Perhaps also importantly, both passages find Eve occupying an uneasy position in the company of the epic’s other characters. Her choice to depart Adam and Raphael’s conversation in Book VIII follows two books’ worth of conversation between the two men, during which she has been either ignored completely or demeaned to her face (as when Raphael, rather than offering advice to her directly, instead merely tells Adam to “warn/ Thy weaker [VI.908-909]). Similarly, in Book XI, she delivers her lament from an “unseen” hiding place (XI.265) where she has concealed herself upon Adam’s command that, to avoid “offend[ing]” the recently-arrived Michael, she must “retire” (XI.236-237). In both cases, finding herself disregarded and subordinated by other characters, one of the first places to which she turns her attention is her flowers, and, in both cases, a suggestion of God-like status accompanies this action.

Eve clearly finds companionship with her flowers, but does she perhaps find something else as well?
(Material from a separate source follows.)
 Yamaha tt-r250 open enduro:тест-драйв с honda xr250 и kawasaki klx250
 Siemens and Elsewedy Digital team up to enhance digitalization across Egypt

Their reliance on and responsiveness to her direction, as she “rear[s] [them] to the Sun” and “rank[s]/ [Their] Tribes” (XI.278-279), suggests that, with these flowers, Eve occupies a role not just of friendship, but, moreover, of creation and power. Considered alongside the subordination she experiences at the hands of Adam and the angels, do these flowers, which rely on her for their growth and organization, offer Eve a sense of control, a chance to be “Goddess-like”? And if so, what effect does Michael’s response to her lament—an admonition to not “set thy heart,/ Thus over-fond, on that which is not thine” and a command that “[Adam] to follow thou art bound” (XI.288-291)—have on Eve’s already tenuous sense of independence and agency?